RAG addresses several critical limitations of standalone LLMs:

  1. Knowledge Freshness: RAG can access real-time information that wasn't available during model training
  2. Private Data Access: Connect your model to proprietary databases, documents, and internal knowledge
  3. Source Attribution: Provide citations and references for generated responses
  4. Reduced Hallucinations: Ground responses in factual, retrievable information
  5. Domain Expertise: Specialize your AI system for specific industries or use cases

The Two-Phase RAG Architecture

Phase 1: Indexing (Offline)

This is the preparation phase where your knowledge base is processed and made searchable.

flowchart TD
    A[Source Documents<br/>PDFs, HTML, Databases] --> B[Document Loading]
    B --> C[Text Chunking<br/>Split into smaller pieces]
    C --> D[Embedding Generation<br/>Convert chunks to vectors]
    D --> E[Vector Store<br/>Index for fast retrieval]

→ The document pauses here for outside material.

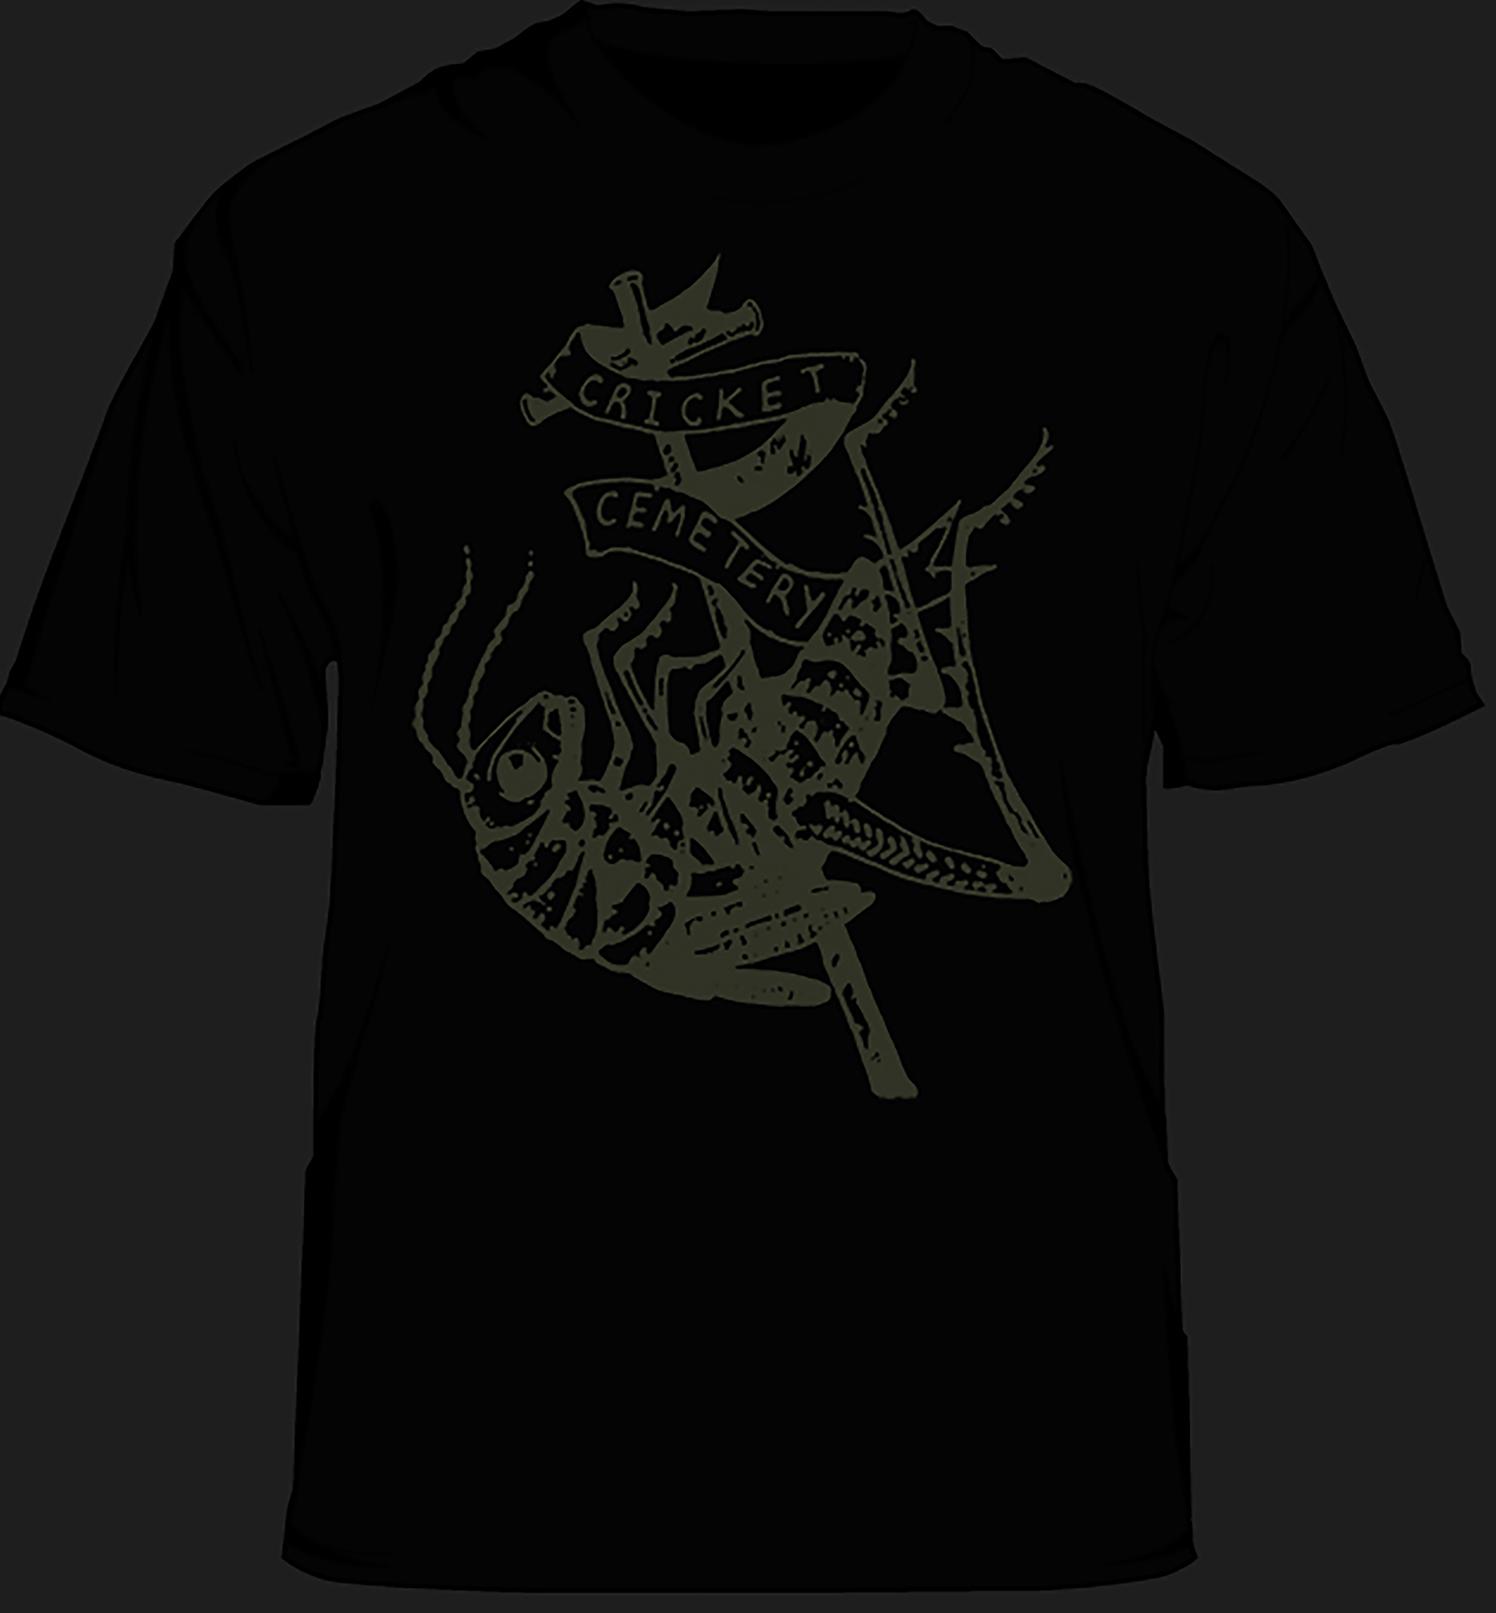 CRICKET CEMETERY - Glow in the Dark T Shirt · Cricket Cemetery ...

    style A fill:#fce4ec,stroke:#c2185b
    style C fill:#fff3e0,stroke:#f57c00
    style D fill:#e3f2fd,stroke:#1976d2
    style E fill:#e8f5e8,stroke:#388e3c,stroke-width:2px

Phase 2: Querying (Online)

This is the real-time process that happens when a user asks a question.

flowchart TD
    A[User Query] --> B[Query Embedding<br/>Convert question to vector]
    B --> C[Similarity Search<br/>Find relevant chunks]
    C --> D[Context Selection<br/>Top-k most relevant]
    D --> E[Prompt Construction<br/>Query + Context]
    E --> F[LLM Generation<br/>Final answer]

    style A fill:#e8f5e8,stroke:#388e3c
    style C fill:#e3f2fd,stroke:#1976d2
    style F fill:#c8e6c9,stroke:#1B5E20,stroke-width:2px

RAG vs. Fine-Tuning: When to Use Each

Aspect RAG Fine-Tuning
Use Case External knowledge, real-time data Behavior modification, specialized tasks
Implementation Moderate complexity High complexity
Cost Lower ongoing costs Higher training costs
Updates Easy to update knowledge base Requires retraining
Transparency High (can show sources) Low (black box)

Common RAG Implementation Patterns

1. Simple RAG

Basic retrieval → generation pipeline suitable for most use cases.

2. Advanced RAG

Includes query rewriting, multiple retrieval rounds, and answer synthesis.

3. Agentic RAG

Uses AI agents to orchestrate complex retrieval strategies and multi-step reasoning.

4. Multimodal RAG

Extends RAG to handle images, audio, and other non-text data types.


Next Steps: Building Your RAG System

To implement a production-ready RAG system, you'll need to understand:

  1. The Retriever Component - How to build effective search and indexing
  2. The Generator Component - How to craft prompts that use retrieved context effectively
  3. RAG Evaluation and Optimization - How to measure and improve RAG performance

Key RAG Technologies and Tools

Vector Databases

  • Pinecone: Managed vector database service
  • Weaviate: Open-source vector database
  • Chroma: Lightweight vector database for prototyping
  • FAISS: Facebook's similarity search library

Embedding Models

  • OpenAI Embeddings: text-embedding-3-large, text-embedding-3-small
  • Sentence Transformers: Open-source embedding models
  • Cohere Embed: Multilingual embedding service

RAG Frameworks

  • LangChain: Comprehensive framework for LLM applications
  • LlamaIndex: Specialized for RAG and data ingestion
  • Haystack: Production-ready NLP framework

Starting Your RAG Journey

Begin with a simple RAG implementation using a managed service like Pinecone or a local solution like Chroma. Focus on getting the basics right: good chunking strategy, appropriate embedding model, and well-crafted prompts. You can always optimize and add complexity later.